Our faculty are a source of great pride and bring a world of expertise, experimentation and excellence to our students and our community. Meet Nada Diachenko, professor
in the Department of Theatre and Dance.

Diachenko joined the faculty in the fall of 1988 after a 25-year professional dance career in New York City, NY and teaching at New York University.

What drew you to your field of expertise, and keeps you passionate about your work?

My field of expertise is dance and dance education with a focus in dance science and somatic methods (experiential movement systems that focus on mind-body integration). My passion for dance and curiosity about how the body moves began as a young child. I entered the professional dance field at age 16, performing with the Baltimore Opera Ballet Company and teaching dance. Throughout my 40-year career as a dancer, teacher, choreographer, artistic director, and administrator, I have been able to express all aspects of myself and work in a field where creativity, collaboration, interpersonal interaction and celebration of the human spirit is valued. The ability to fulfill my inner drive to create and share what I have learned with others is what keeps me passionate about my work.

One major aspect of my work that continues to excite and inspire me is my ongoing study of the human body – how it moves and how it can move better.

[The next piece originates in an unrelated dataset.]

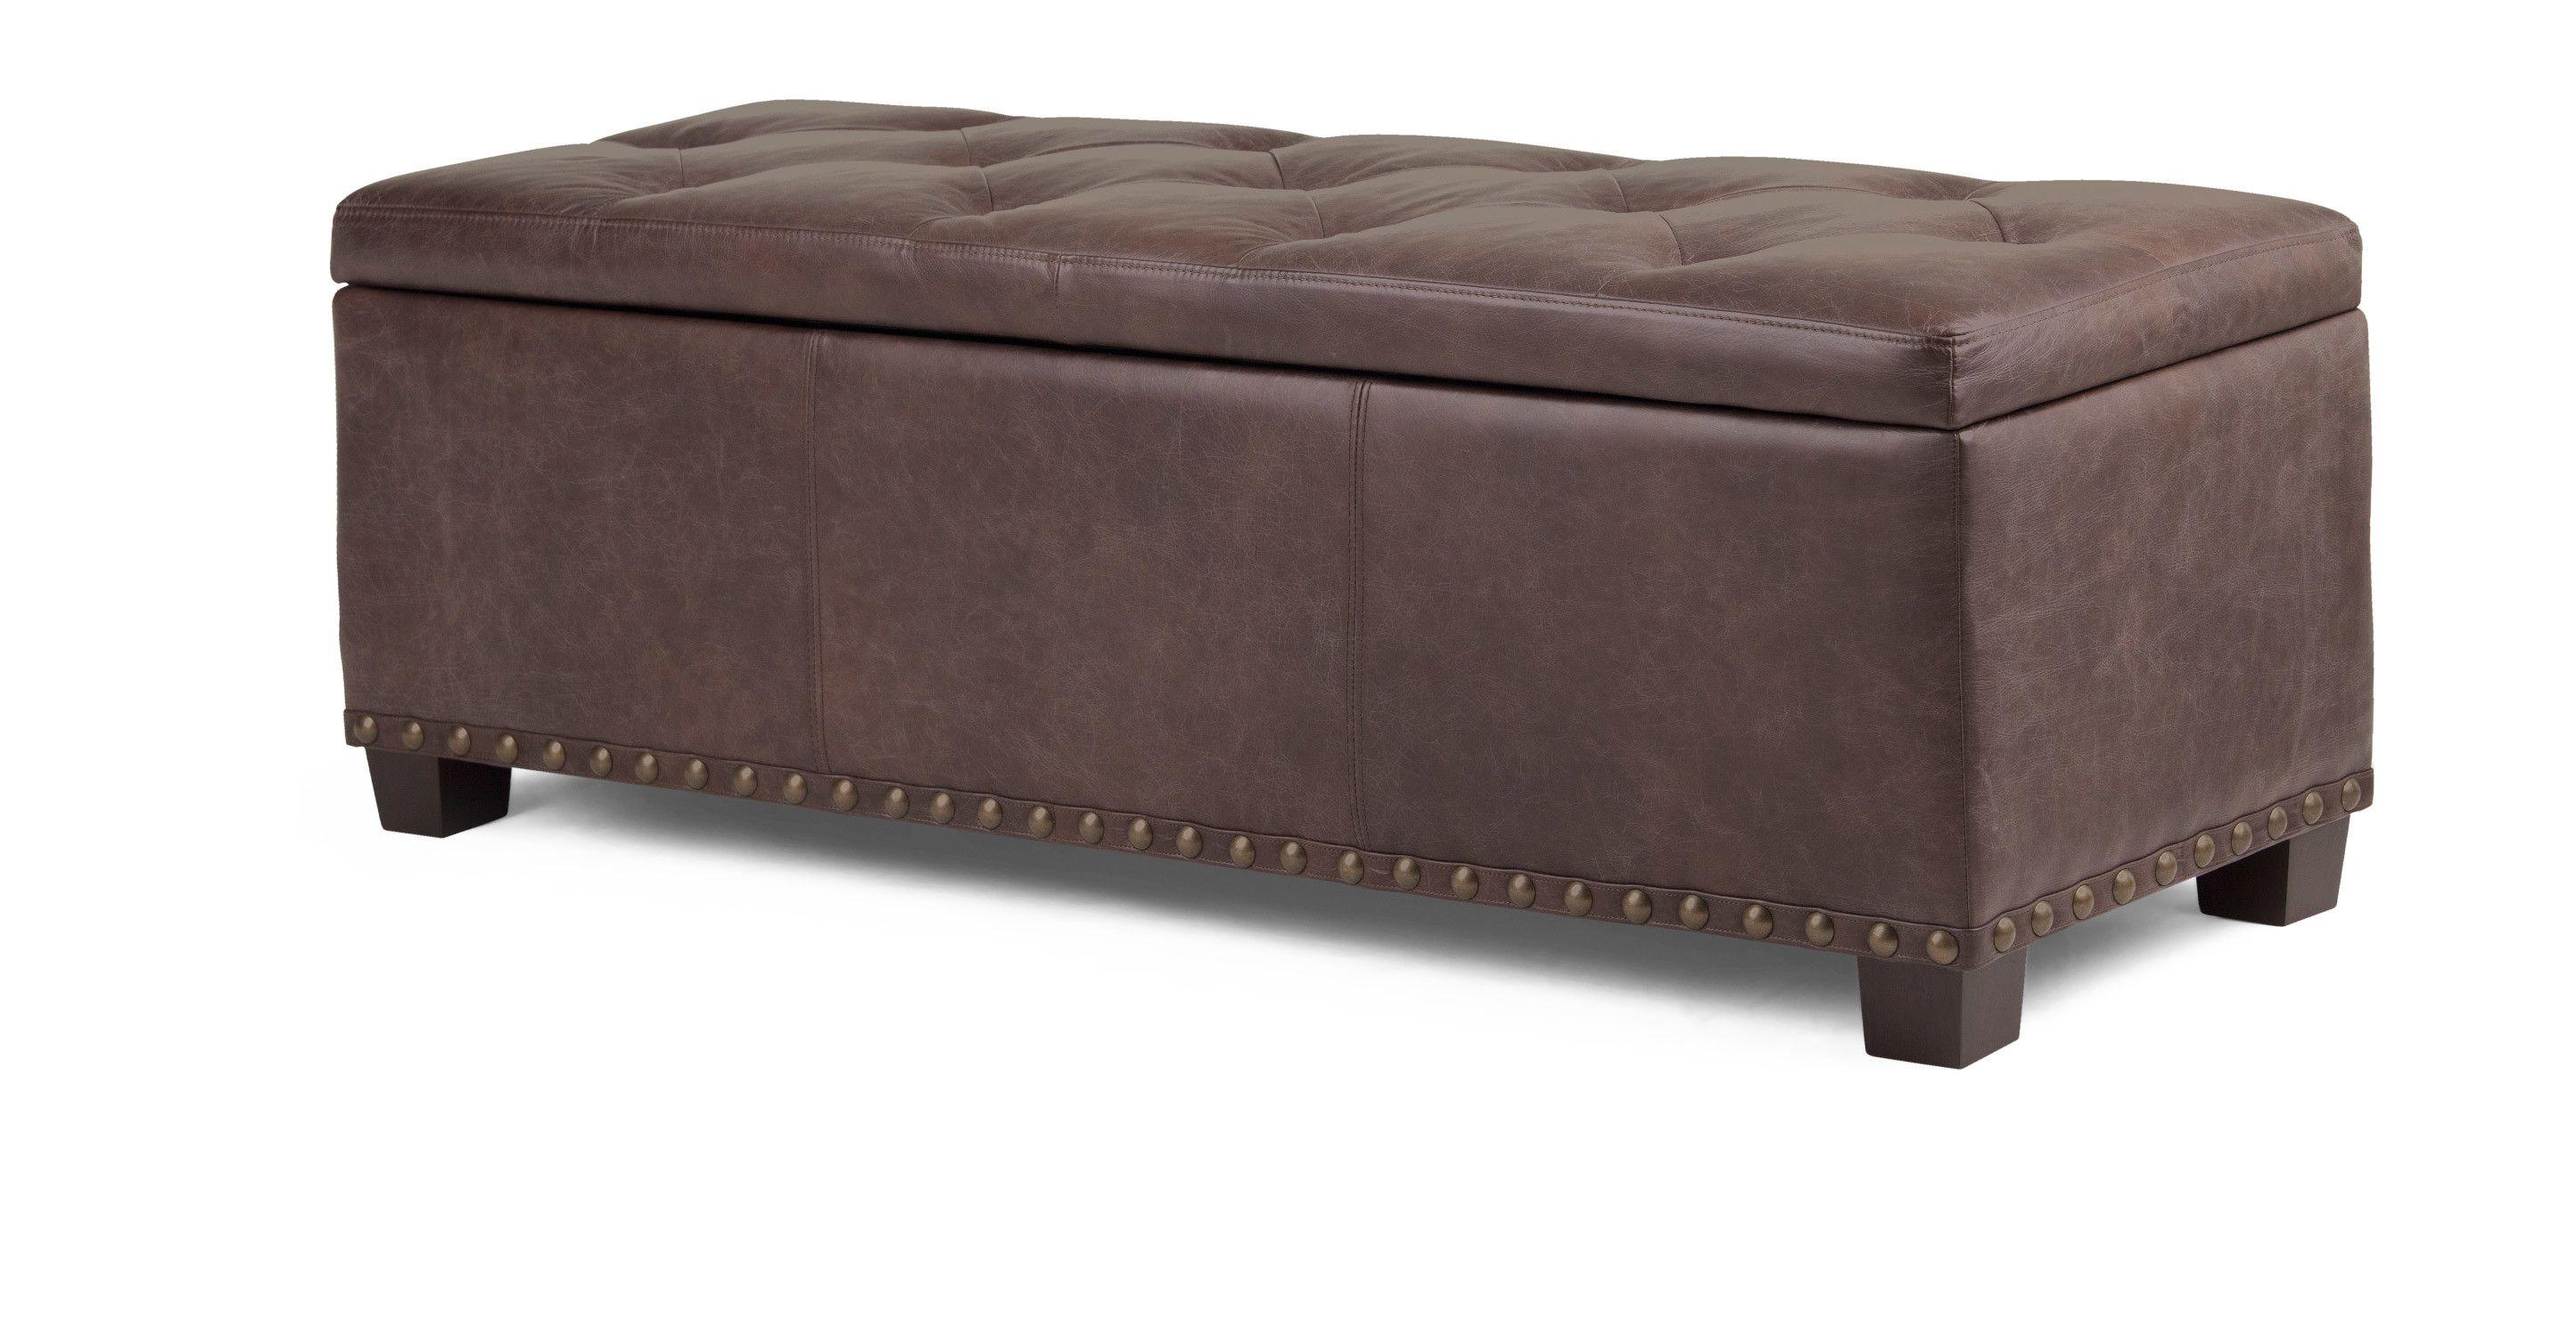 jeffrey gepolsterte sitzbank mit stauraum in sattelbraunem premium leder flat furnishing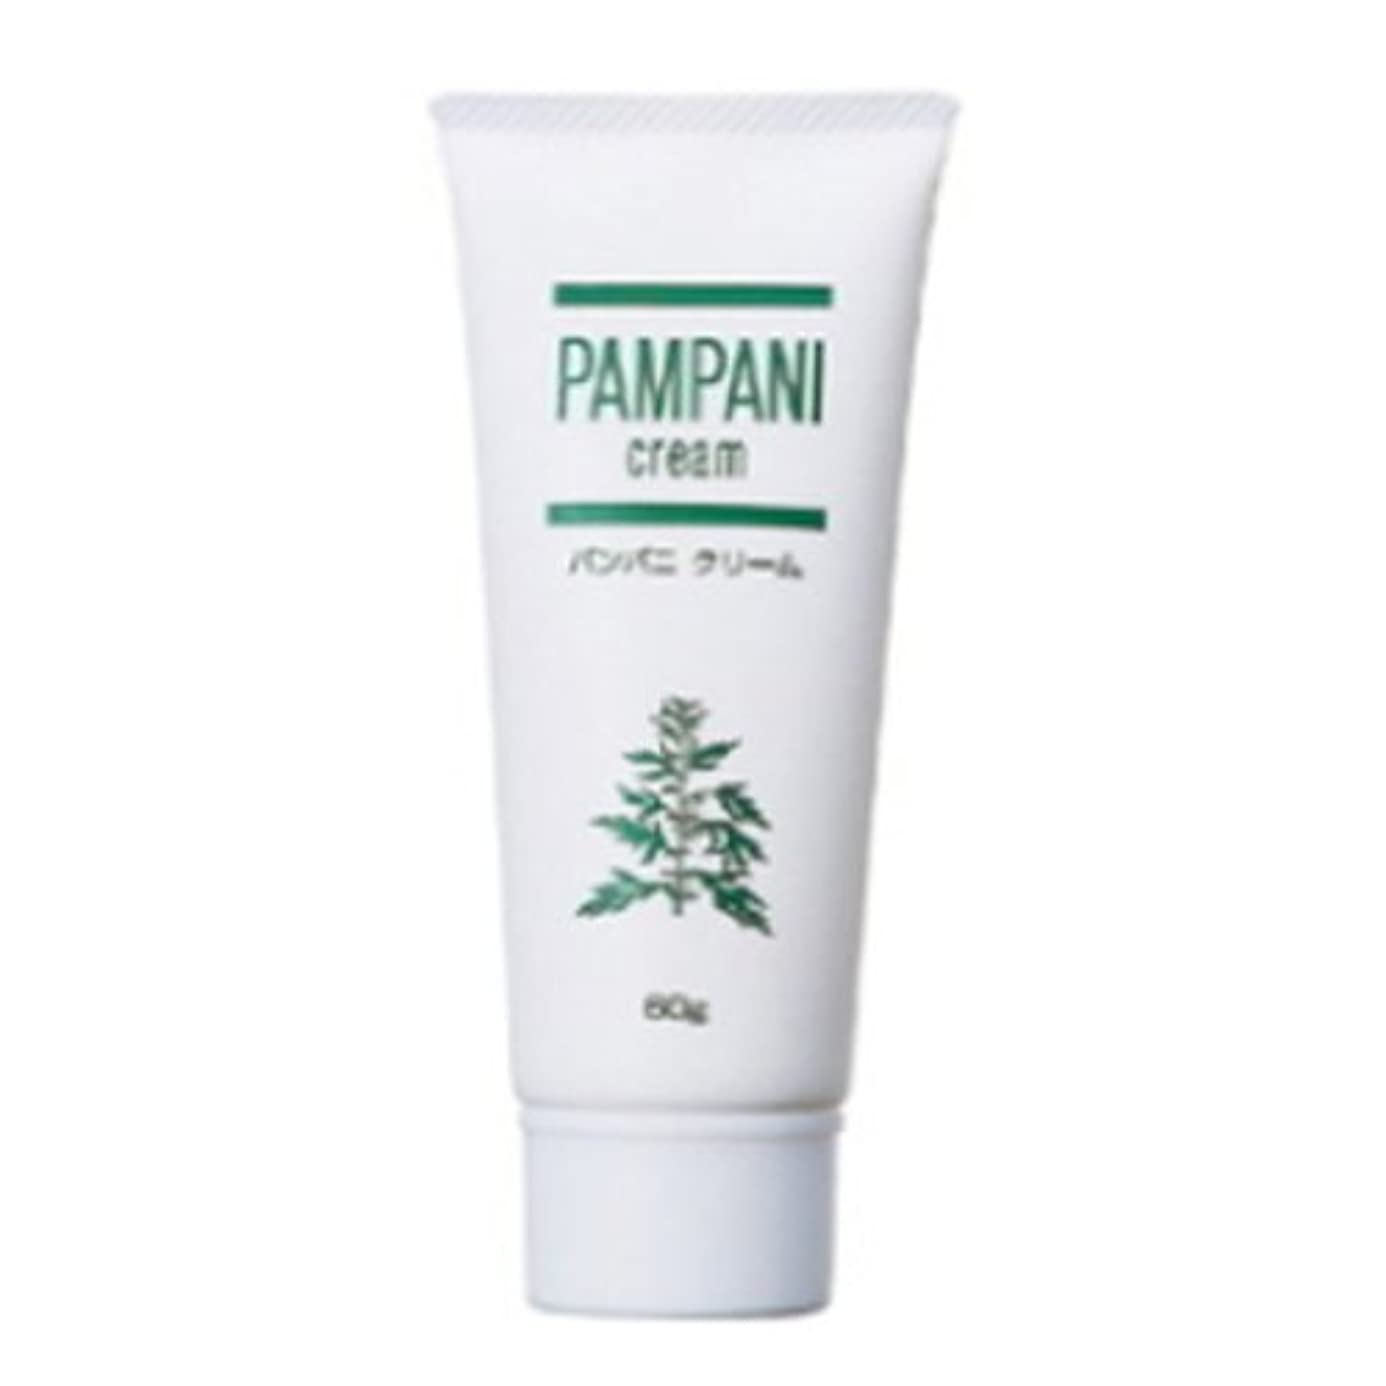 案件女優植生パンパニ(PAMPANI) クリーム 60g

Early in my career, I trained and danced in New York City with Erick Hawkins, a pioneer in creating an approach to training dancers by integrating somatics and dance technique. In-depth studies of many somatic methods and certification in the Alexander Technique have expanded my ability to help dancers and other performers enhance their technique and performance.

What do you most enjoy and what is the most challenging aspect of your profession?

Since I am involved in a variety of aspects of the dance profession, it is difficult to isolate the most challenging aspect. I would have to say the general lack of funding for the arts, specifically for dance, in both the professional world and in academe, and the lack of understanding of the value of dance education in K-12 are two major challenges of the dance profession. In addressing the challenges of dance in higher education, I find that there is an ongoing need to educate administrators and colleagues in other fields about the contribution and value of a dance education.

At this stage of my career, I most enjoy the rewards of working closely with students in their creative process and personal growth as artists, scholars, and educators. I also enjoy the wonderful CU dance faculty who respect and support each other, allowing for ease and creativity in day-to-day problem solving and collaborative projects.

What are your favorite interests and activities apart from your work?

When not working at CU, I spend time working on myself with ongoing study in the Alexander Technique, Pilates, and yoga. Being in nature, especially on tropical beaches, is necessary. I also enjoy daily walks/hikes, cooking, and volunteer work giving spiritual healings. I enjoy national and international travel, presenting workshops in dance and the Alexander Technique.